Après décision du Conseil d’administration conformément au règlement administratif, il est procédé au repêchage, dans l'ordre du classement, des clubs classés de la 18ème  la 20ème  place du championnat de France de Ligue 2 dans le cas, quelqu'en soit le motif, de défection ou d’impossibilité d’un club qualifié sportivement, sous réserve qu’ils satisfassent aux conditions de participation de Ligue 2 fixées au Titre 1 du règlement administratif.

 

1. A l'issue de la saison, les 2 derniers de Ligue 2 sont relégués en National. Les 2 premiers de National sont promus en Ligue 2 sous réserve qu’ils satisfassent aux conditions de participation de Ligue 2 fixées au Titre 1 du règlement administratif.

Les 2 clubs du championnat National ayant acquis par leur classement le droit de participer la saison suivante au championnat de Ligue 2 ont un délai de huit jours, à compter de la dernière journée du championnat de National, pour confirmer à la Ligue de Football Professionnel leur engagement. Cette confirmation doit être notifiée par lettre recommandée (le cachet de la poste faisant foi).

La Commission des Compétitions présente au Conseil d’administration la liste des clubs sportivement qualifiés pour prendre part au championnat de France de Ligue 2 la saison suivante.

2. Après décision du Conseil d’administration conformément au règlement administratif, il est procédé au repêchage :

- dans l'ordre du classement, des clubs classés de la 19ème à la 20ème  place du championnat de France de Ligue 2 dans le cas, quel qu'en soit le motif, de défection ou d’impossibilité d’un club ou deux clubs évoluant déjà en Ligue 2 qualifié(s) sportivement, sous réserve qu’ils satisfassent aux conditions de participation de Ligue 2 fixées au Titre 1 du règlement administratif.

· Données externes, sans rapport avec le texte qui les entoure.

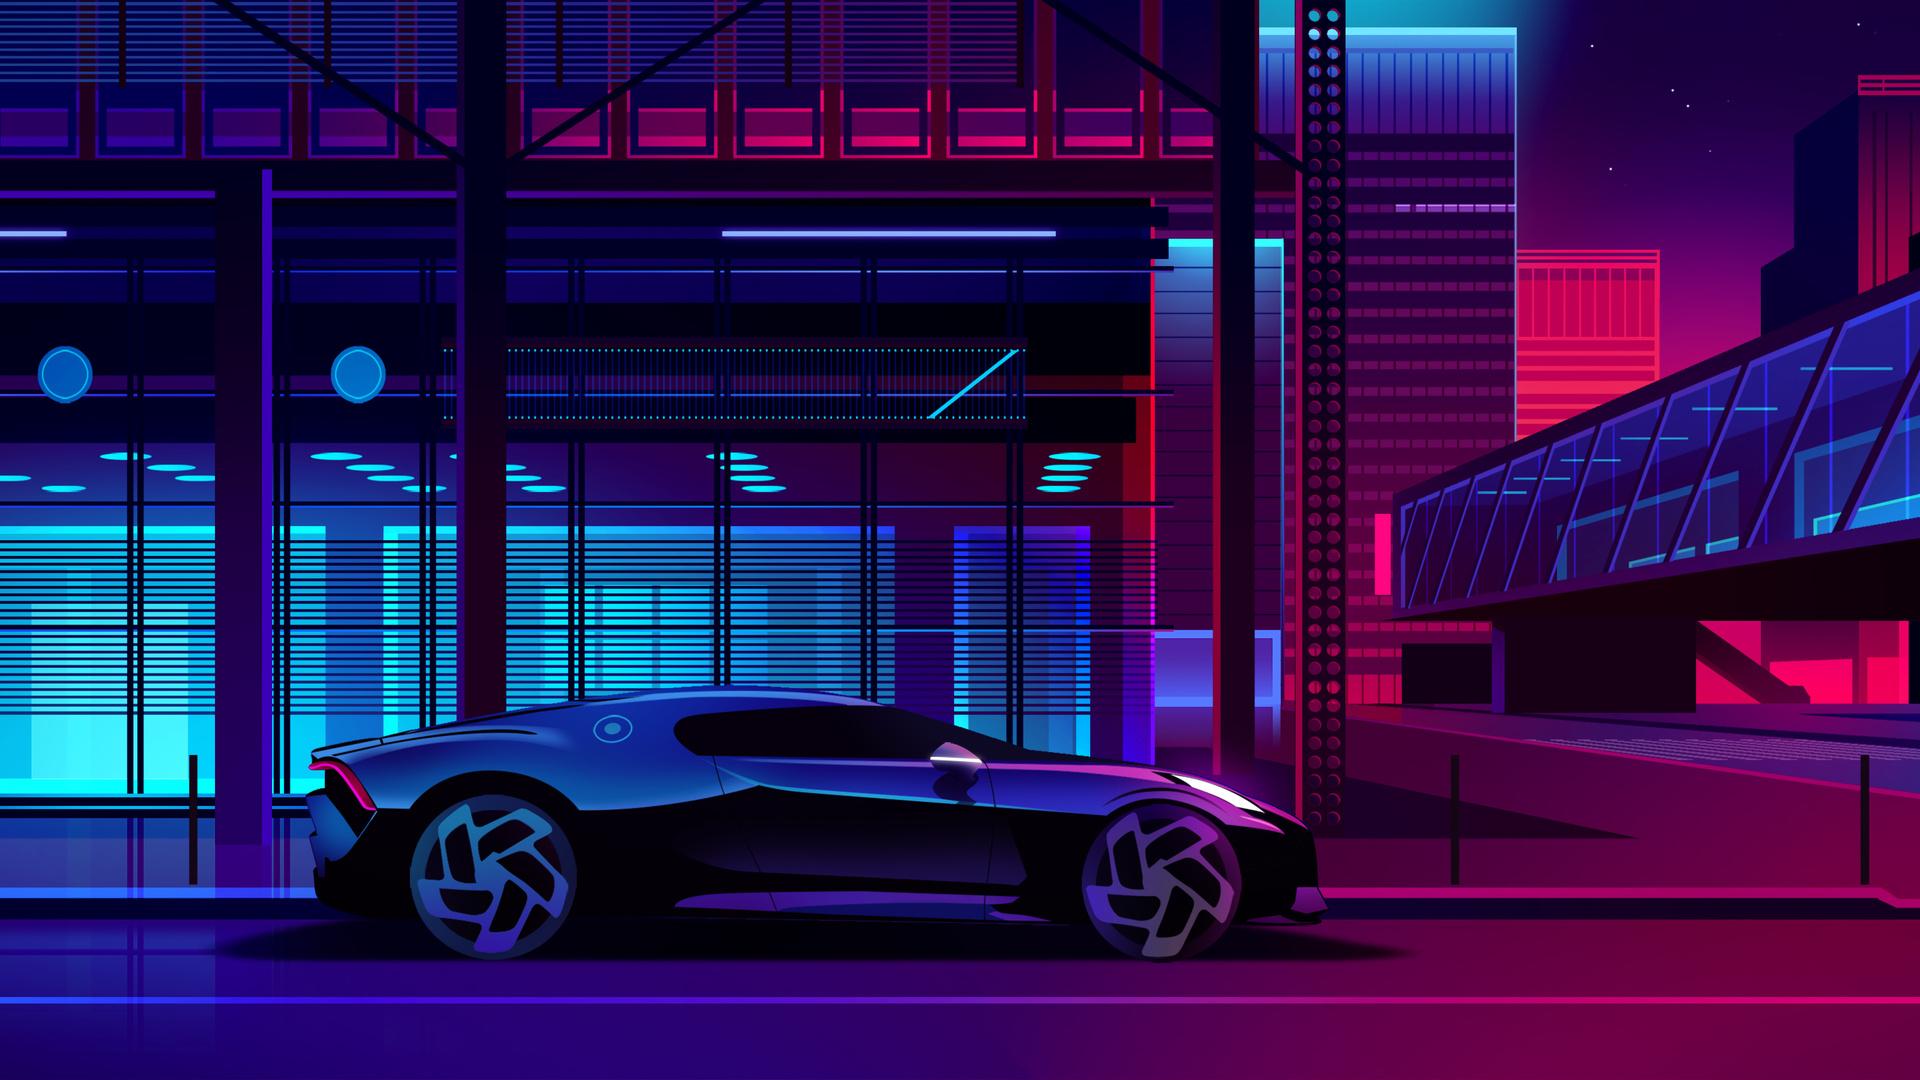 1920x1080 Bugatti Noire Neon Art Laptop Full HD 1080P HD 4k Wallpapers, Images, Backgrounds ...

- du club classé 3ème du Championnat de National dans le cas, quel qu’en soit le motif, de défection ou d’impossibilité de l’un des clubs promus classés aux 2 premières places du National, sous réserve qu’il satisfasse aux conditions de participation de Ligue 2 fixées au Titre 1 du règlement administratif.

Dans l’hypothèse où le 3ème du National ne satisfait pas à ces conditions, ne peut accéder pour quelque motif que ce soit ou si un deuxième club promu ne peut accéder, il est procédé, dans cette hypothèse, au repêchage, dans l’ordre du classement, des clubs classés de la 19ème à la 20ème place du championnat de France de Ligue 2, sous réserve qu’ils satisfassent aux conditions de participation susvisées.